Renaissance man Jerry Jones

Advertisement

At the end of his play Chicago Club Rum Boogie that is currently running at the Stage 52 playhouse through Feb. 17, playwright Jerry Jones leaps on-stage. “Tell everybody about the play,” Jones shouts to the audience members. “The next time you come, I might even get up and tap dance.”

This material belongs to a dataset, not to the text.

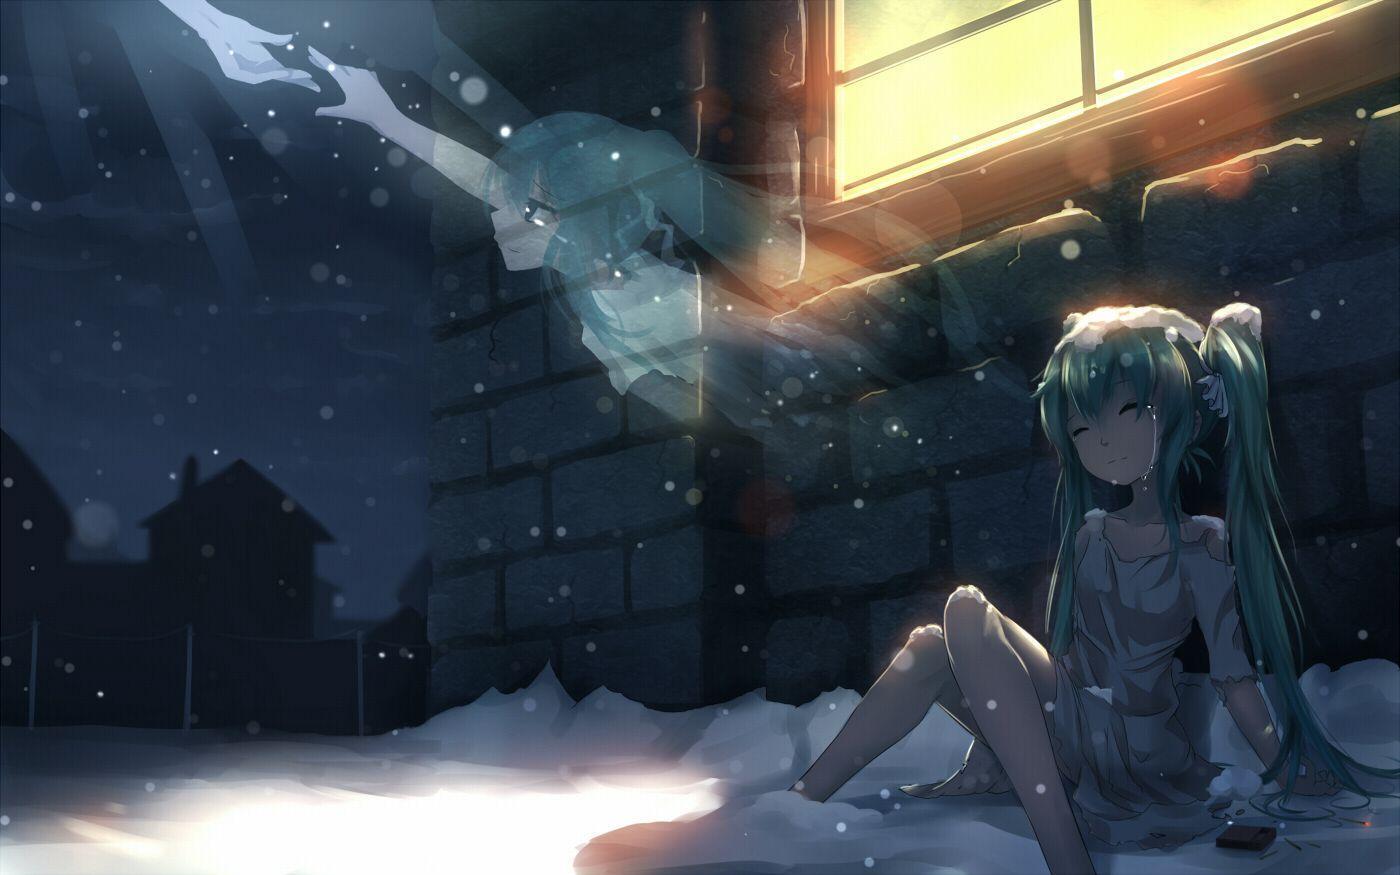 ảnh anime girl cô đơn

To the delight of the audience, Jones does a soft shoe and shuffles offstage.
Mention the title Renaissance man, and Jerry Jones could easily fit the bill. Actor, playwright, dancer, producer, model, musician, and former disc jockey, Jones has experience in nearly every facet of showbusiness–a background that has served him well.
A colorful collage of singing, dancing and acting, Chicago Rum Boogie depicts the rough and tumble world of cops and mobsters in Chicago in the 40’s and ’50s. Much of the action is culled from the recollection of Jones, who once owned The Talent Scout nightclub in Chicago.
“All the players, pimps, and prostitutes used to come there,” recalled Jones, who said their colorful stories helped to fuel many of his plays.
Among the colorful characters in the play is Chicago cop and legend Sylvester Washington, who was popularly nicknamed Two Gun Pete. Jones, who knew the notorious policeman personally, said the Pete was the “Dirty Harry” of his day and developed a reputation around Chicago for “kickin’ the butts” of bad guys. “Pete used to carry two .357 magnums, one on each hip,” recalls Jones.
“He was on the police force for 18 years and arrested about 40,000 criminals,” recalls Jones, who also wrote a book in the 60’s about the legendary cop. “They say he killed about 16 criminals, but in actuality, it’s believed he may have killed about 60 or 70.”
Jones laughs as he recalls the time he met a beautiful young lady, only to find out later that she was Two Gun Pete’s daughter. “She had a picture of this man over the mantle of her fireplace. I said, “Who is that?” She looked at me and responded ‘That’s my dad-you may know him by his nickname–Two Gun Pete.’ I took her to the movies, but before the credits could roll, we were in the car. That was our first date and the last. I saw her recently and she laughed about it. She said, ‘My daddy nearly scared you to death, didn’t he?”
After quitting the nightclub business, Jones decided to venture into acting and enrolled in Goodman Memorial Theatre of Drama in Chicago. “In the five years I attended Goodman, we acted in everything-including plays by Shakespeare and Tennessee Williams. One day I asked the teacher why we didn’t perform in any black plays. She turned to me and said, ‘There aren’t any.’ That got me to thinking–if there weren’t any black plays, then I would start writing them.”
After writing his first play, ‘Heel and Sole,’ about Dr. Martin Luther King, Jr., Jones moved to New York to continue his acting career. “I met Langston Hughes and James Baldwin. Baldwin allowed me to option a few of his plays and I went back to Chicago and produced ‘Blues for Mr. Charlie’ and ‘The Amen Corner.’ Black folks were standing in line to see those plays-they were packing the house. That was the first time I attempted to produce plays, and I liked the fit,” said Jones.
It wasn’t long before Jones decided to tackle Hollywood where he met comedian and actor Rudy Ray Moore. Moore and Jones co-wrote and co-starred in the popular Dolemite films in the ’70s.
But playwriting is Jones’ first love. So far, the prolific thespian has written 40 plays with such colorful titles as “All God’s Children’s Got Shoes the Devil Can’t Wear,” “Mama’s Got a Brand New Jag,” “The Homeless Party on Crack Alley,” and “When Muddy Waters Wasn’t Muddy.”
And the prolific playwright and producer has more plays in store. “I just wrote a gospel play, and its dynamite,” said Jones, who will produce it in the spring of 2008.
For the past eight years, Jones has also been involved in his Call for Peace Foundation, a nonprofit organization he founded to help at-risk children. “We try to teach kids how to be more active and more positive by getting them off the street and teaching them how to act right. We also work with senior citizens. Eventually I want to purchase a school where I can teach acting, spoken word, and the performing arts,” said Jones.